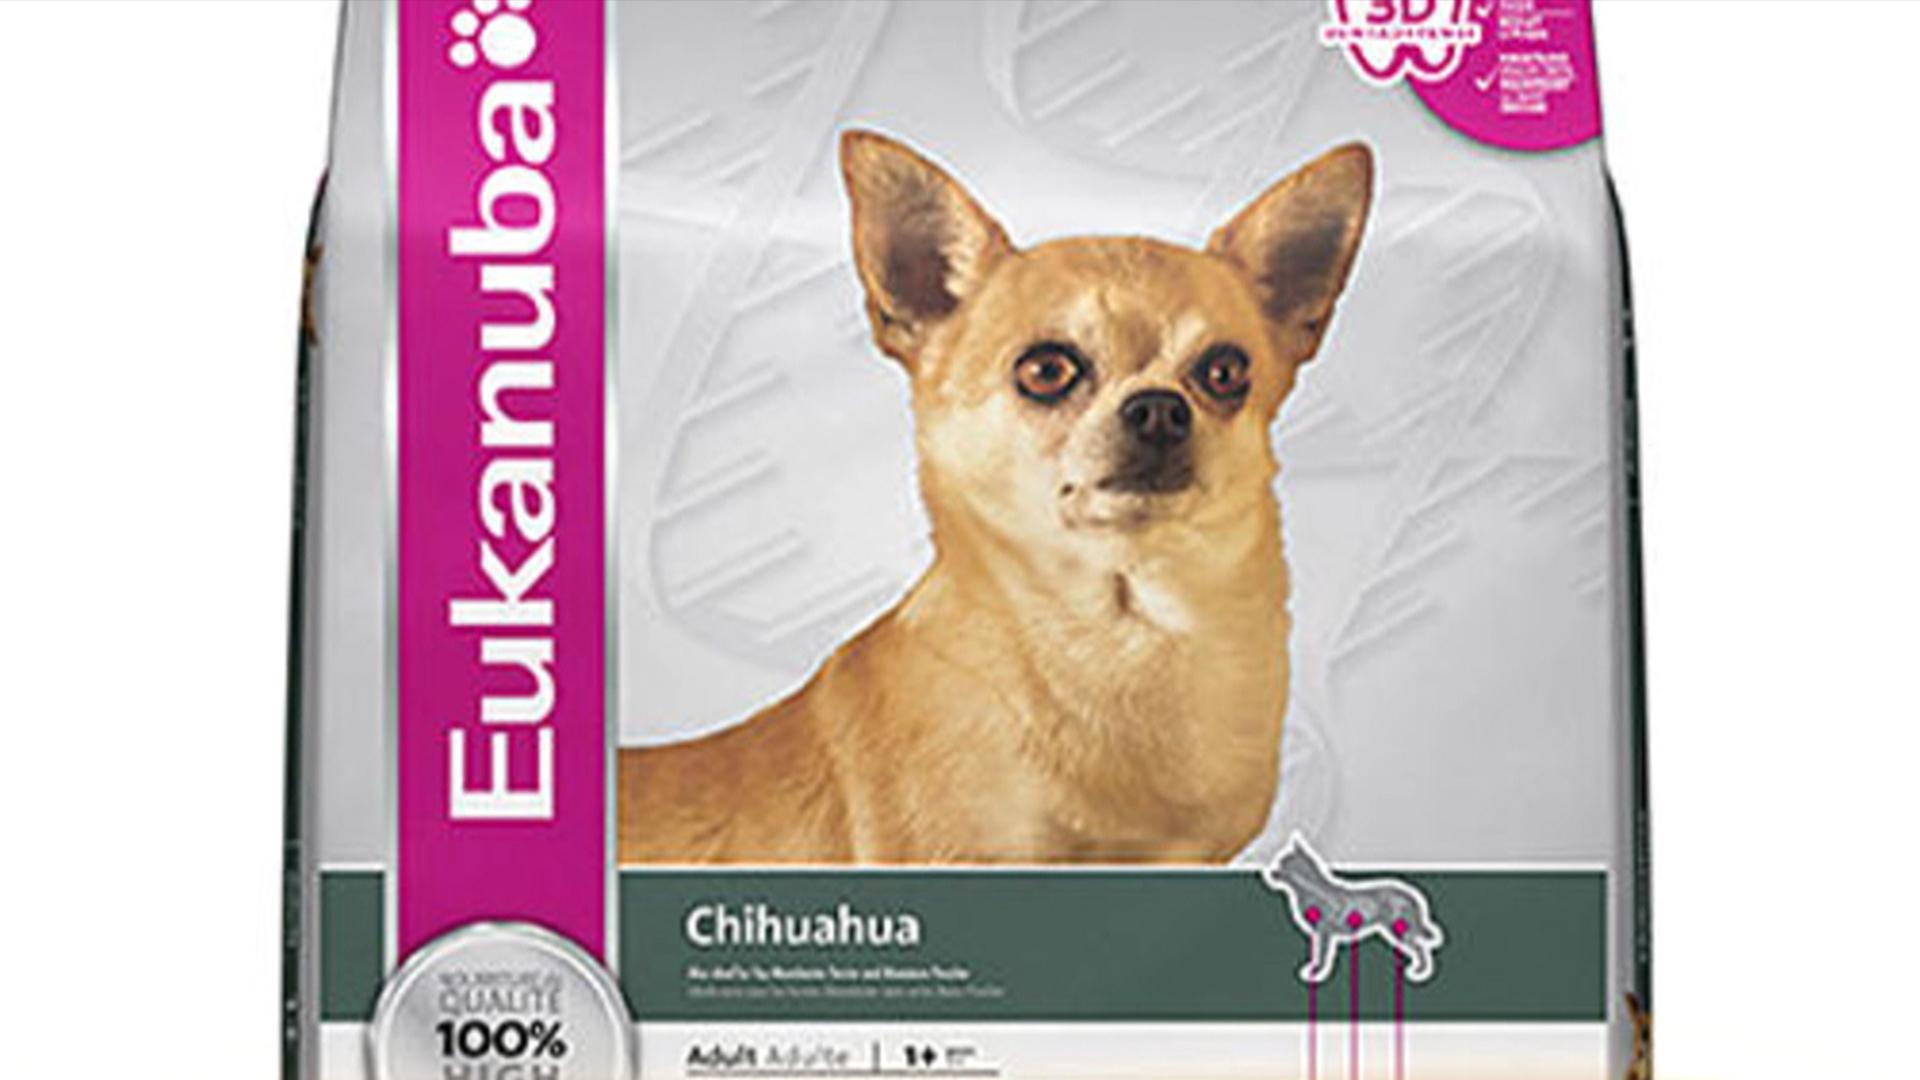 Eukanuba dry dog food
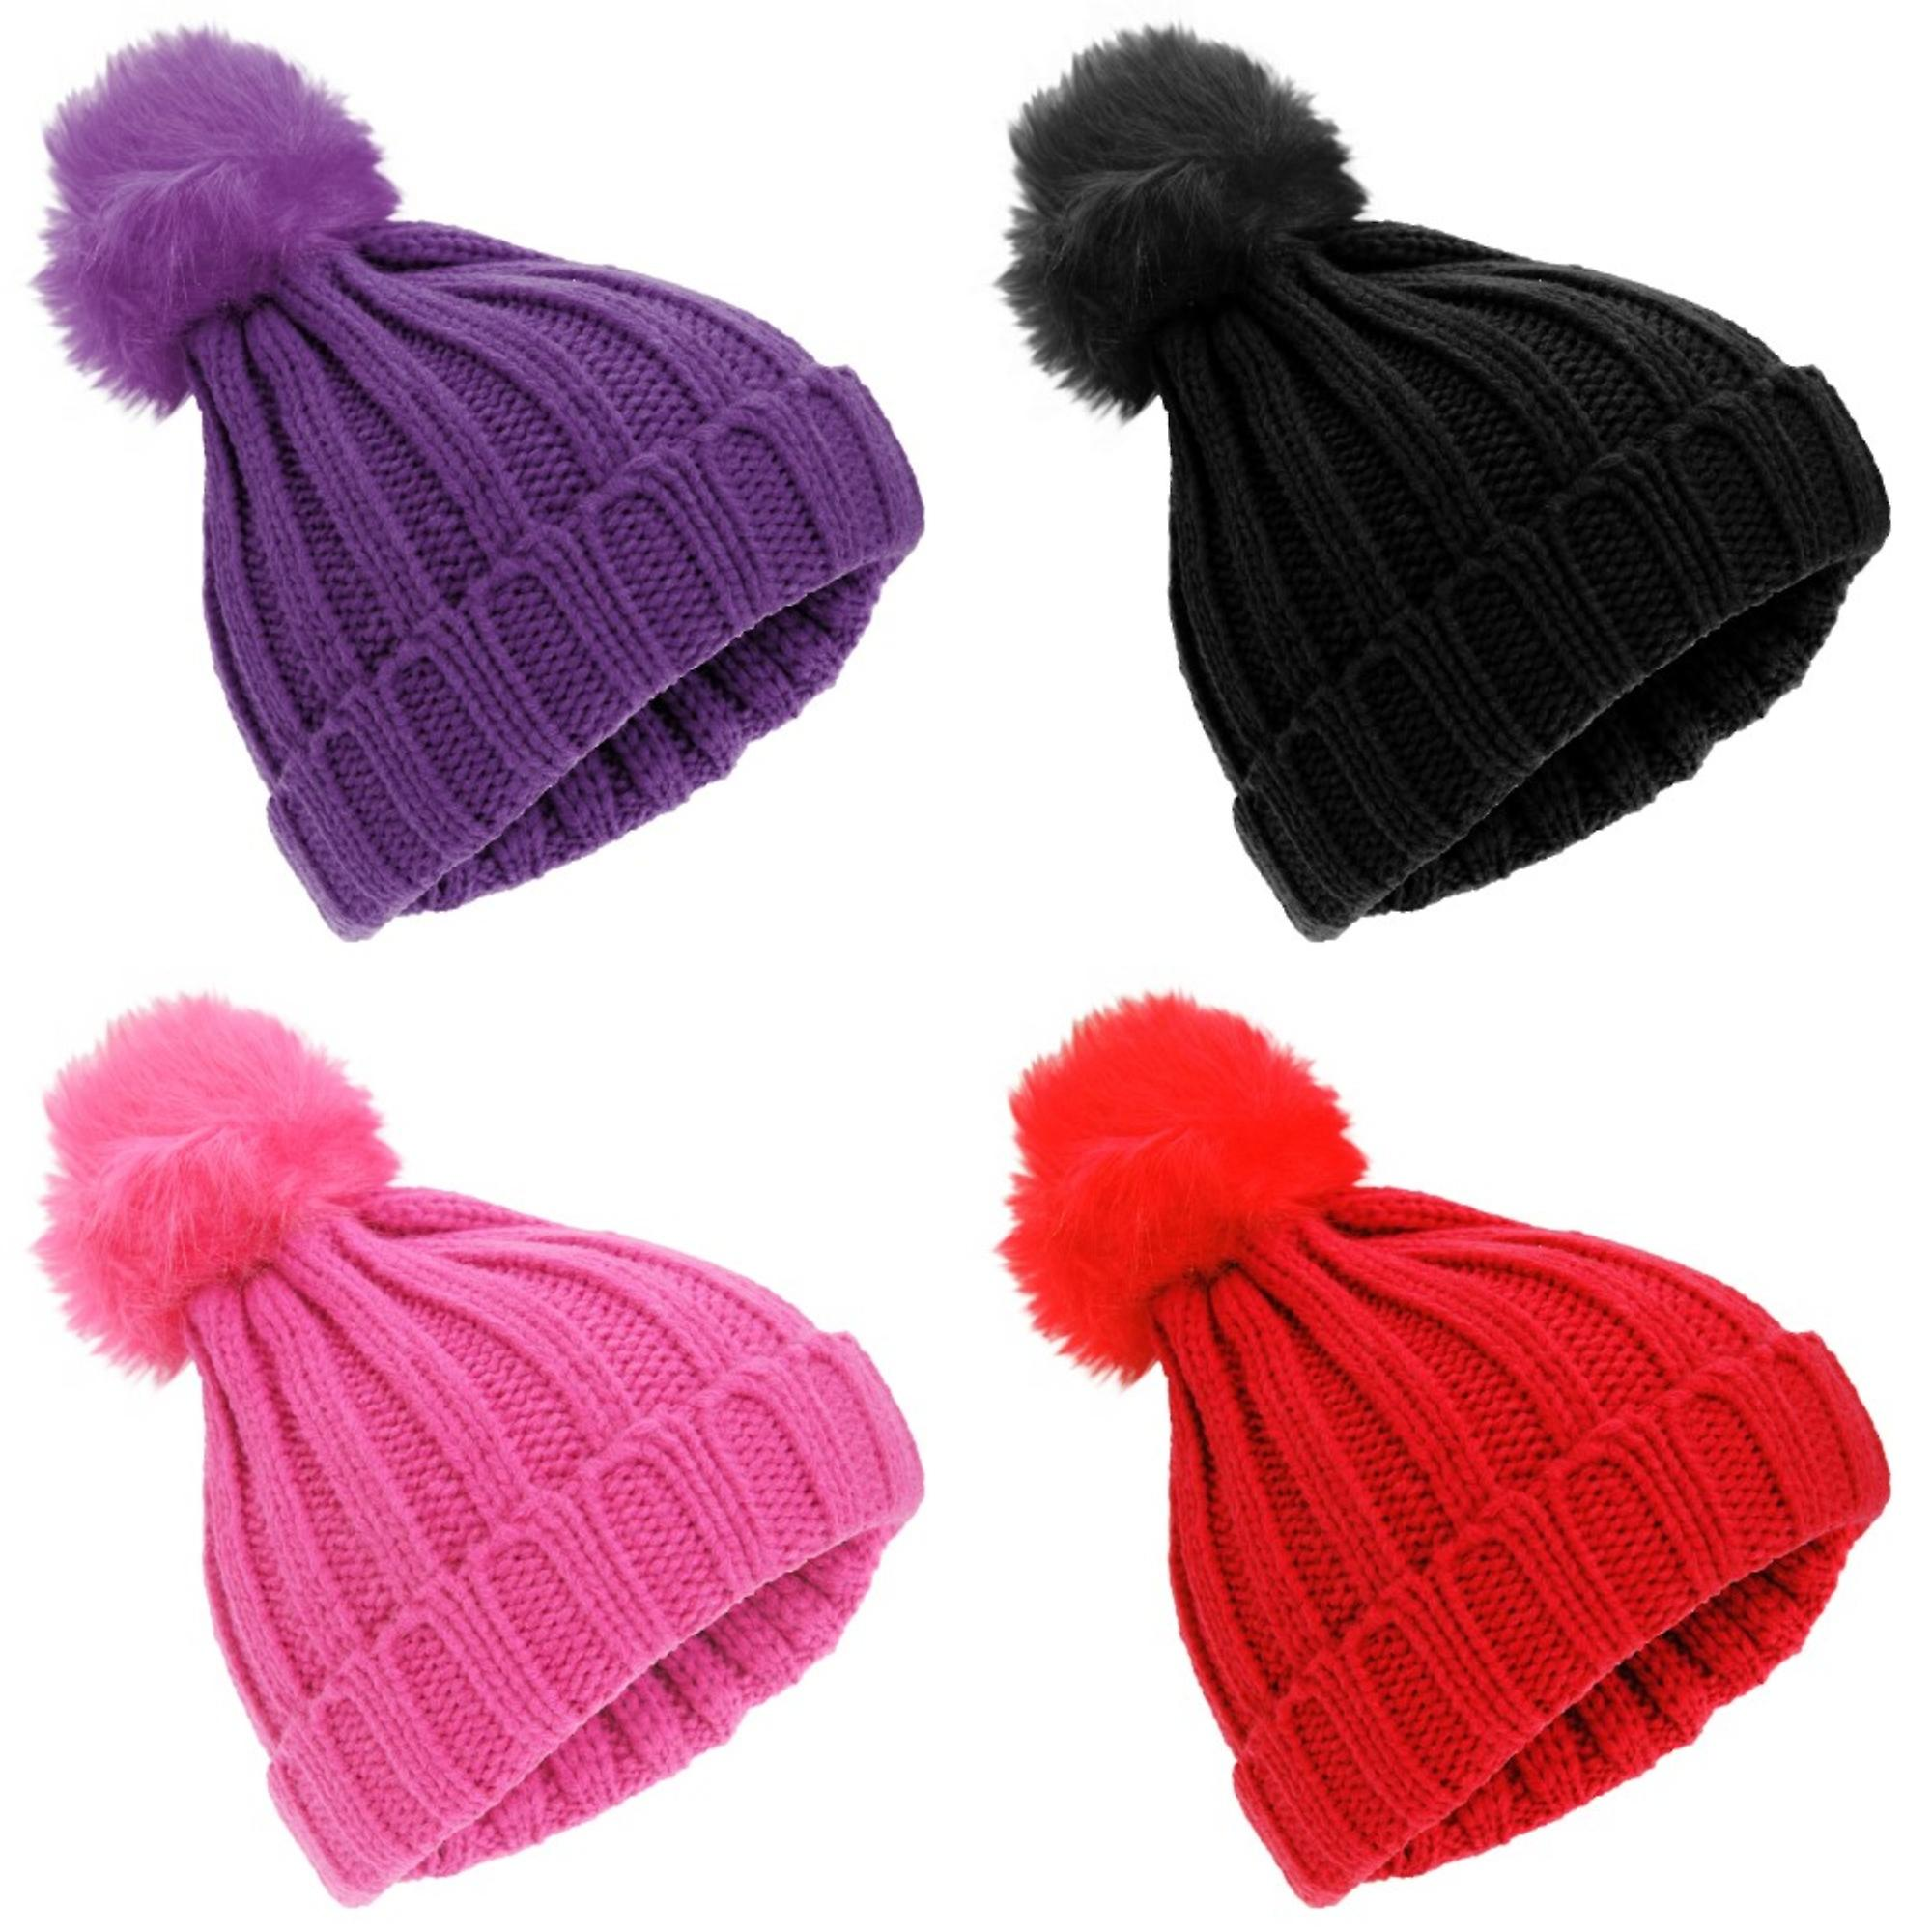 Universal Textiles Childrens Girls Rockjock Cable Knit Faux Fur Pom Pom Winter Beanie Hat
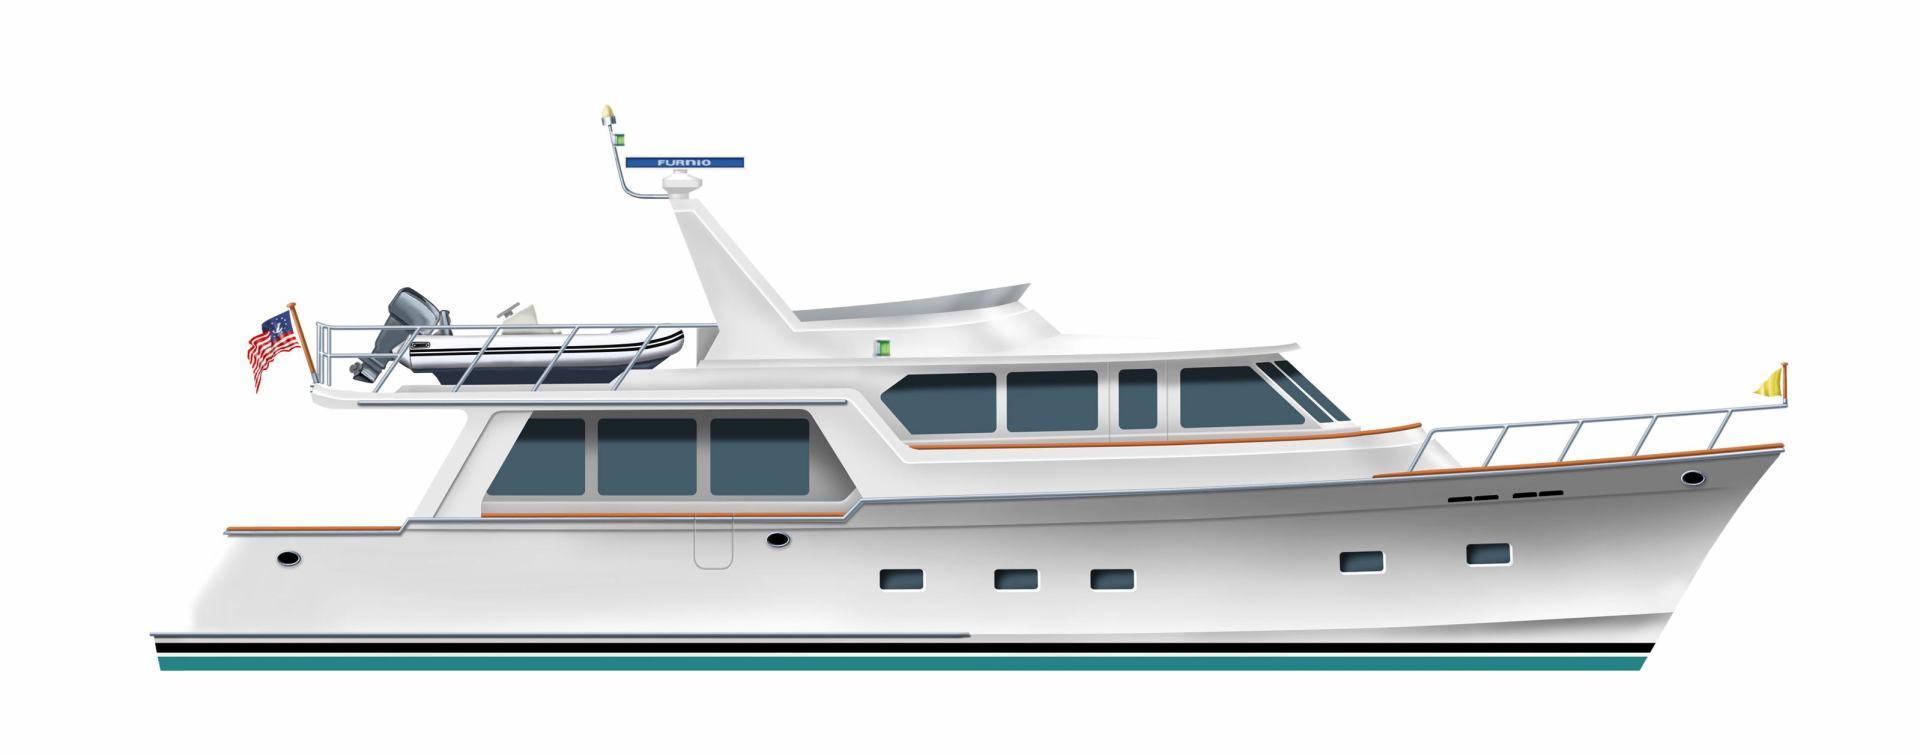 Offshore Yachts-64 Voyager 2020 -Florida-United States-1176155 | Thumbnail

— Goal of the exercise —
All of the material should be reproduced exactly, apart from the pictures.

— Result of the exercise —
 Eukanuba dry dog food
 Universal Textiles Childrens Girls Rockjock Cable Knit Faux Fur Pom Pom Winter Beanie Hat
 Offshore Yachts-64 Voyager 2020 -Florida-United States-1176155 | Thumbnail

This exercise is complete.